We caught up with the brilliant and insightful Scott Elam a few weeks ago and have shared our conversation below.
Alright, Scott thanks for taking the time to share your stories and insights with us today. Earning a full time living from one’s creative career can be incredibly difficult. Have you been able to do so and if so, can you share some of the key parts of your journey and any important advice or lessons that might help creatives who haven’t been able to yet?
I earn my full-time living as a creative now but I haven’t always. I worked for 6+ years in higher education – Northwestern and then Vanderbilt. And for a long time I worked behind the scenes running the training center at The Second City in Chicago. The first time I was able to say I was working full-time as a performer was when The Second City hired me to work on cruise ships in July 2012. The gig itself is not the best – it’s long stretches away from friends/family and even though you’re in beautiful places, you spend a lot of time in a shoebox staring out a porthole. But despite all that, I was still getting paid to travel the world and perform.
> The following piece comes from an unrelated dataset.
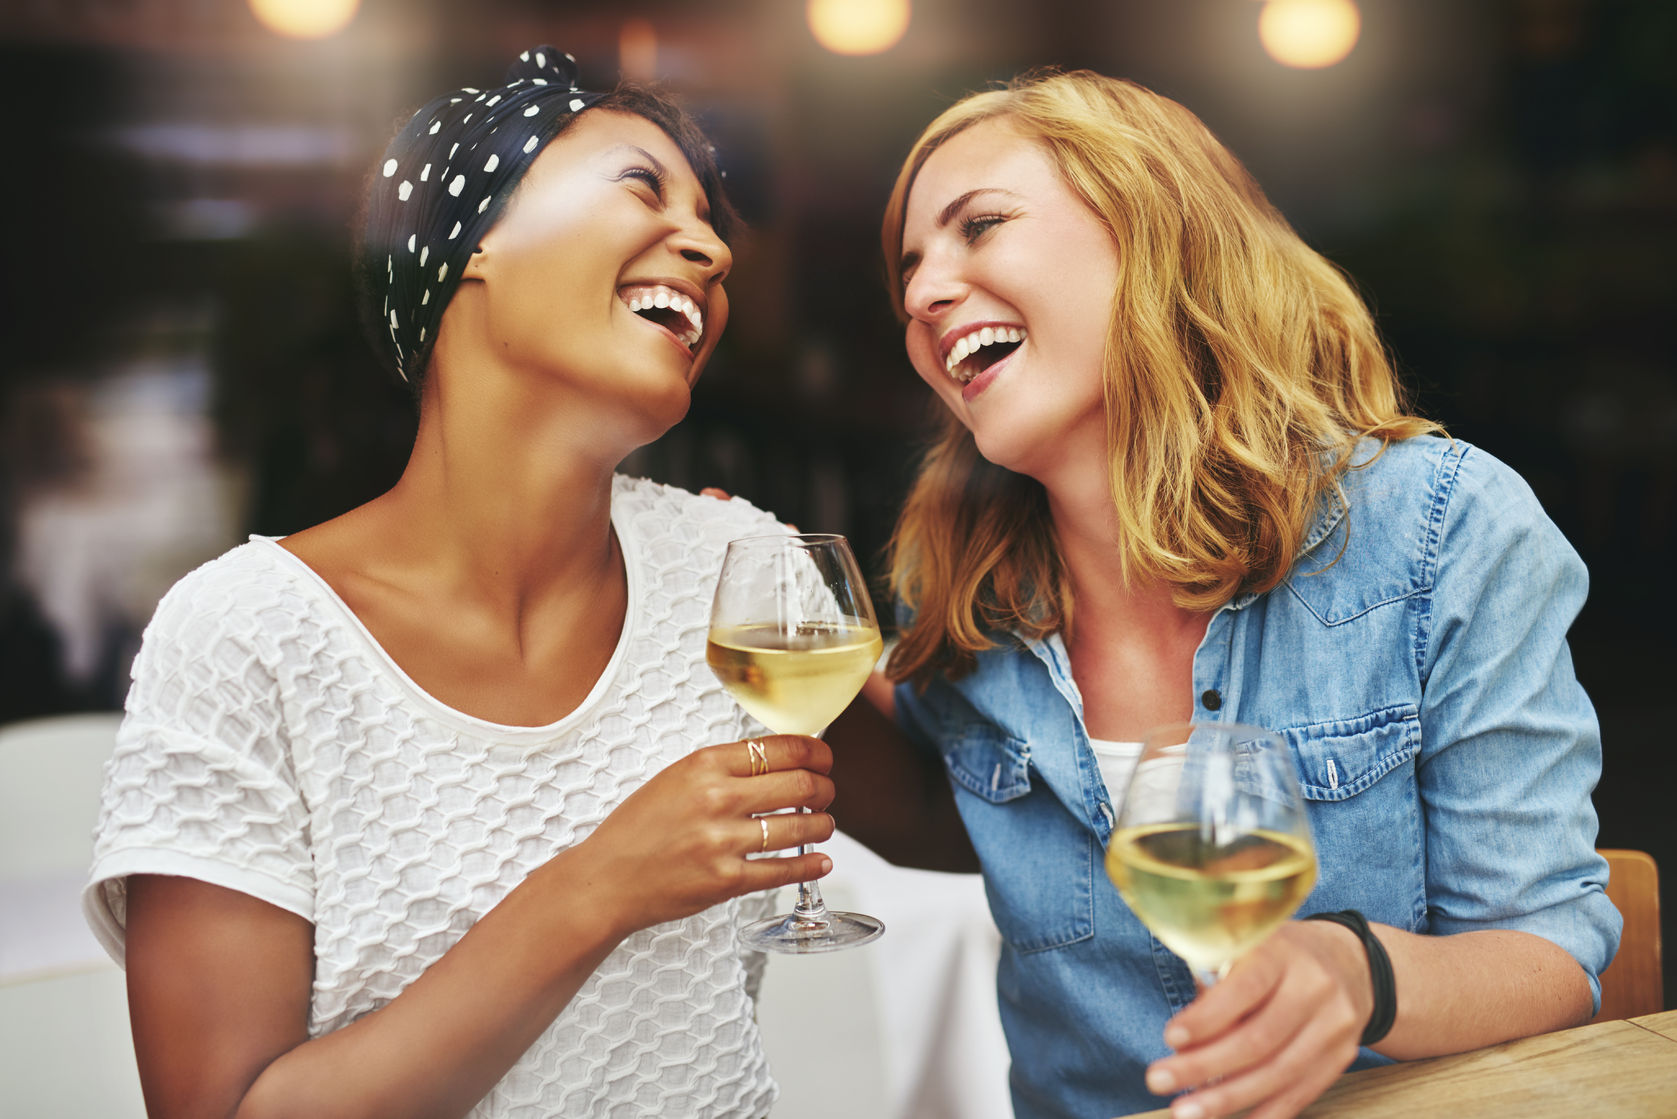 46626161 - two young attractive vivacious multiethnic female friends celebrating and laughing together over a glass of white wine

Scott, love having you share your insights with us. Before we ask you more questions, maybe you can take a moment to introduce yourself to our readers who might have missed our earlier conversations?
I am the Artistic Director at the Third Coast Comedy Club in Nashville, Tennessee. Third Coast is an intimate, 88-seat venue dedicated to all forms of local comedy but our bread and butter is improv. And that’s what my background is in. I spent a decade plus living and working in Chicago. I performed largely at iO and considered it my artistic home but I worked mostly at The Second City. I started out washing dishes on the night staff and interning in exchange for free classes. I spent my summers running their comedy camps for youth and teens. After a few years, Kerry Sheehan, who oversaw the training centers for Second City, asked me to join full-time as her assistant. It gave me the opportunity to work closely with her and to learn how to run an arts-centric organization. Even before all that though, I took my first improv class not out of a desire to be a performer but as a way to meet people and work through some of my social anxiety. I was new to Chicago and didn’t know many people. I was in college part-time but I could barely speak in front of a class without my hands shaking and my voice quivering. Improv changed my life. It taught me to slow down, to listen first and talk second, to say yes to others’ ideas, and to not be so afraid of failure.
Looking back, are there any resources you wish you knew about earlier in your creative journey?
I wish I had spent less time trying to get the gatekeepers at various venues to let me in and more time creating opportunities for myself. So the resource I wish I’d had was the confidence that if iO wouldn’t let me perform on their stage or The Second City wouldn’t cast me in a show I wanted, that I could go rent a space, invite my friends, and perform my own show. I spent so much time trying to get others to put me in their shows and not nearly enough time creating my own.
Is there something you think non-creatives will struggle to understand about your journey as a creative?
I mentioned earlier that I worked in higher education. And it wasn’t the Theater Department or another creative field. It was for economists at Northwestern and finance professors at Vanderbilt. And at both places, these were some of the premier minds in their fields. They were absolutely brilliant. And I’ll never forget a professor over dinner asking my wife – who is a phenomenal, accomplished stage actor – what she did for a living. As they spoke, inevitably the conversation turned to where they might have seen her. She has some film and television credits but mostly her work was done on stages all over Chicago where we met. The professor mentioned how he had a niece who worked on Broadway but he’d never seen on tv or in films but if she kept working hard, “she’d make it one day”. About his niece – WHO WAS ON BROADWAY – he said she’d make it one day. And I think what occurred to me in that moment was that outside of the arts, there aren’t many jobs where someone can tell you you’ve failed. Maybe athletics. But I would never tell a Vanderbilt professor that if they worked hard, maybe they’d get a job at Harvard one day. Or the CEO of YouTube to keep working and one day they can be CEO of Apple. So I think it’s hard for non-creatives to realize how hard it is to work in a creative industry where your worth is tied so closely to your work and your work is usually temporary.